Chapter 1: Lists, Dictionaries, and HashSets in Depth
Theoretical Foundations
Theoretical Foundations: Hashing, Buckets, and Collision Resolution
In Book 2, we established that arrays and List<T> provide contiguous memory storage with \(O(1)\) access by index, but \(O(n)\) search time when looking for a specific value. This linear search becomes a bottleneck in AI applications where we might need to check if a token exists in a vocabulary of 50,000 entries. To bridge the gap from linear lists to the vector embeddings used in modern AI, we must first master hash-based data structures.
These structures utilize a mathematical transformation (hashing) to map data directly to a memory address, effectively bypassing the need for iteration in most cases.
The Real-World Analogy: The Library Index System
Imagine a physical library containing 100,000 books.
- List Approach: To find a specific book, you start at shelf 1, scan every book, move to shelf 2, and repeat. This is \(O(n)\).
- Dictionary/Hashset Approach: You walk to the central index card catalog. You look up the book title (the "Key"), which directs you to a specific shelf and slot number (the "Hash"). You walk directly there. This is \(O(1)\) (average case).
The "Index Catalog" is the Buckets array. The "Title" is the Key. The process of converting the title to a shelf number is the Hash Function.
1. The Hash Function: Mapping Data to Integers
At the core of Dictionary<TKey, TValue> and HashSet<T> lies the GetHashCode() method, defined by the object class and overridden by custom types.
A hash function takes an arbitrary amount of data (a string, an object, a number) and maps it to a fixed-size integer (a hash code).
Properties of a Good Hash Function:
- Deterministic: The same input must always produce the same output.
- Uniform Distribution: Inputs should map to hash codes as evenly as possible across the integer range to minimize collisions.
- Fast Computation: It must be calculated quickly.
How C# Uses Hash Codes:
When you insert an item into a HashSet<int> or Dictionary<string, int>, the collection does not store the item in the order of insertion. Instead, it calculates the hash code of the key, performs a modulo operation against the current internal array size, and places the item in that specific "bucket."
using System;
using System.Collections.Generic;
// Conceptual demonstration of how a bucket index is calculated
public class HashMechanism
{
public static int GetBucketIndex(int key, int bucketCount)
{
// In C#, the actual implementation uses bit masking for performance,
// but mathematically it is equivalent to modulo.
// % is the modulo operator.
return Math.Abs(key.GetHashCode()) % bucketCount;
}
}
2. Internal Mechanics: Buckets and Linked Lists
The internal structure of a Dictionary or HashSet is often visualized as an array of "buckets." However, a single bucket might contain multiple items. This leads us to the concept of Collisions.
Collision Resolution: Chaining
A collision occurs when two different keys produce the same hash code (or map to the same bucket index). Since the array size is finite, this is mathematically inevitable.

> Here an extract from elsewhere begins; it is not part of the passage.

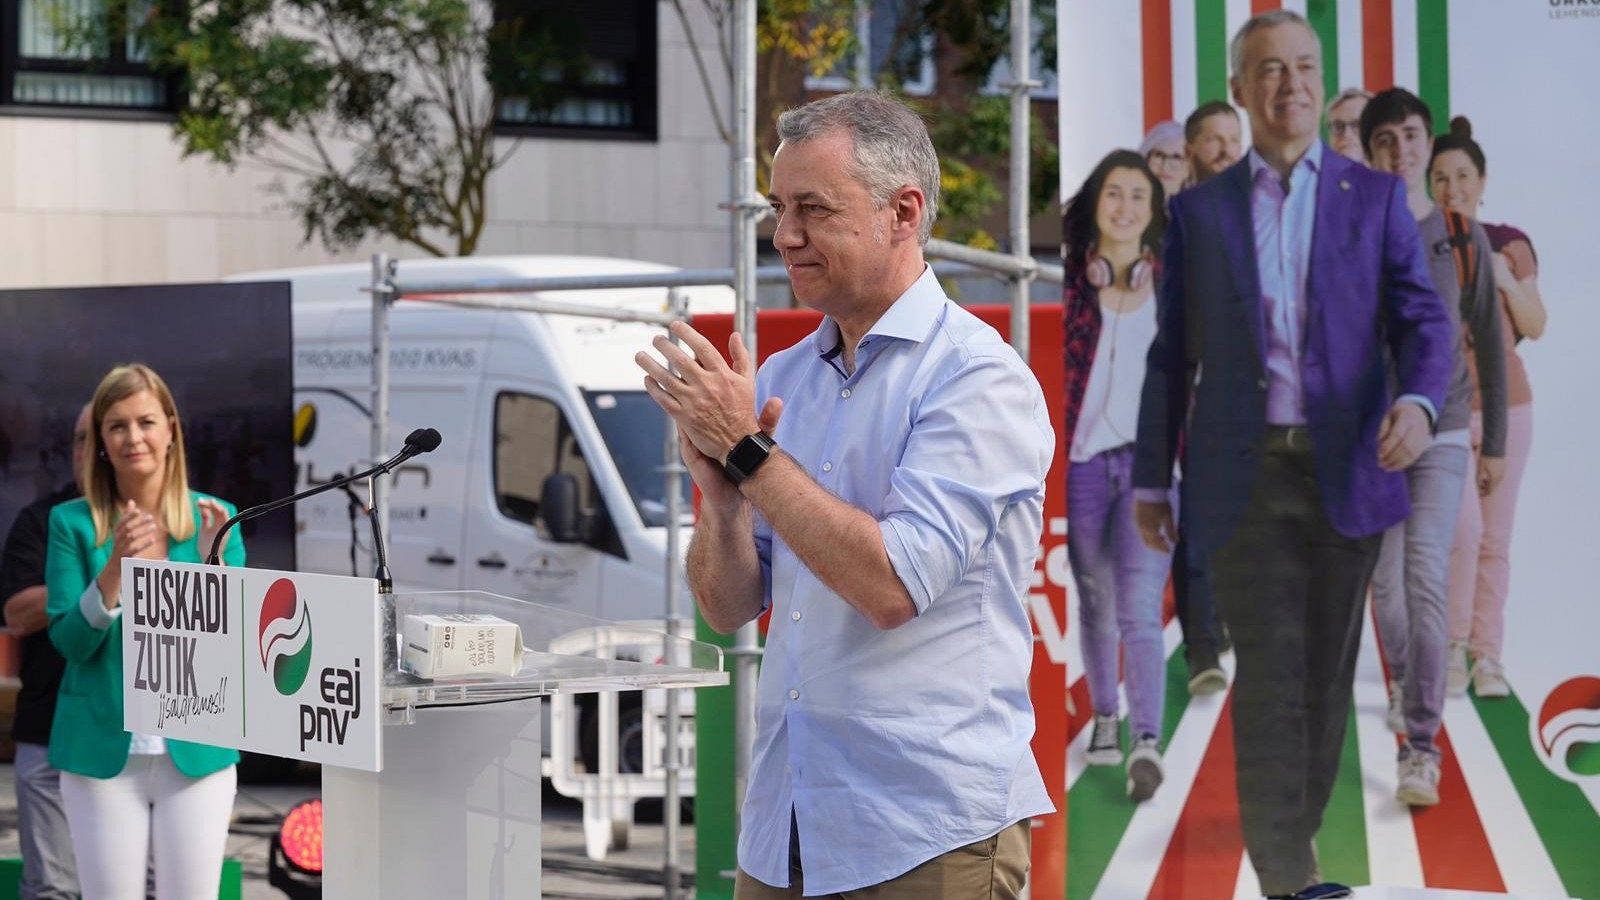 Urkullu centra su discurso en la recuperación del País Vasco y EH-Bildu le pide no tener "equidistancia" frente al "fascismo"

C# uses Chaining to resolve collisions. Each bucket in the internal array is not just a single slot for data; it is the head of a linked list. If two keys collide, the second item is appended to the linked list at that bucket.
Visualizing the Bucket Structure:
Imagine a Dictionary<string, int> where the internal array has size 8.
- Key "Apple" hashes to index 2.
- Key "Banana" hashes to index 5.
- Key "Cherry" hashes to index 2 (Collision!).
Performance Implication:
- Best Case (No Collisions): \(O(1)\). The hash maps directly to a bucket with one item.
- Worst Case (All Collisions): \(O(n)\). If every key maps to the same bucket, the structure degenerates into a linked list, requiring linear search.
3. Resizing and Rehashing
A fixed-size array is inefficient; if we allocate 4 buckets and try to insert 5 items, we guarantee collisions. To maintain \(O(1)\) performance, the collection must grow.
The Resizing Process:
- Threshold:
DictionaryandHashSetmaintain a "load factor" (default 1.0). When the number of elements exceedsCount / LoadFactor, the structure is considered full. - Allocation: A new array is allocated, typically doubling the size of the previous array (e.g., 8 -> 16).
- Rehashing: Crucially, the indices of all existing elements must be recalculated. Because the modulo operand (array size) has changed,
hash % 16yields a different result thanhash % 8. - Migration: Every item is iterated over and placed into the new array.
Cost: Resizing is an expensive \(O(n)\) operation because it involves rehashing every element. However, because it happens geometrically (doubling), the amortized cost of insertion remains \(O(1)\).
4. Comparing Collections: List vs. HashSet
In AI applications, specifically when building tokenizers (mapping text tokens to integer IDs), the choice of collection dictates performance.
List<T> (Linear Search)
- Structure: Contiguous memory block.
- Lookup (
Contains): Scans elements sequentially. - Complexity: \(O(n)\).
- Use Case: When order matters and lookups are rare.
HashSet<T> (Hash Lookup)
- Structure: Hash table with buckets and chaining.
- Lookup (
Contains): Computes hash, finds bucket, checks short chain. - Complexity: \(O(1)\) average.
- Use Case: When uniqueness is required and fast lookups are critical.
Code Comparison:
using System;
using System.Collections.Generic;
using System.Diagnostics;
public class PerformanceComparison
{
public static void CompareLookups()
{
int size = 100000;
var list = new List<int>();
var hashSet = new HashSet<int>();
// Populate
for (int i = 0; i < size; i++)
{
list.Add(i);
hashSet.Add(i);
}
// Target
int target = size - 1;
// Measure List
var sw = Stopwatch.StartNew();
bool listContains = list.Contains(target);
sw.Stop();
Console.WriteLine($"List.Contains: {sw.ElapsedTicks} ticks (O(n))");
// Measure HashSet
sw.Restart();
bool hashContains = hashSet.Contains(target);
sw.Stop();
Console.WriteLine($"HashSet.Contains: {sw.ElapsedTicks} ticks (O(1))");
}
}
List is backed by an array, HashSet is backed by a sparse array of buckets. List is faster for very small collections due to CPU cache locality, but HashSet scales significantly better as data grows.
5. Generics and Iterators (yield return)
While Dictionary and HashSet are not linear sequences, C# allows us to iterate over them using IEnumerable<T>. This is where yield return becomes powerful for memory efficiency.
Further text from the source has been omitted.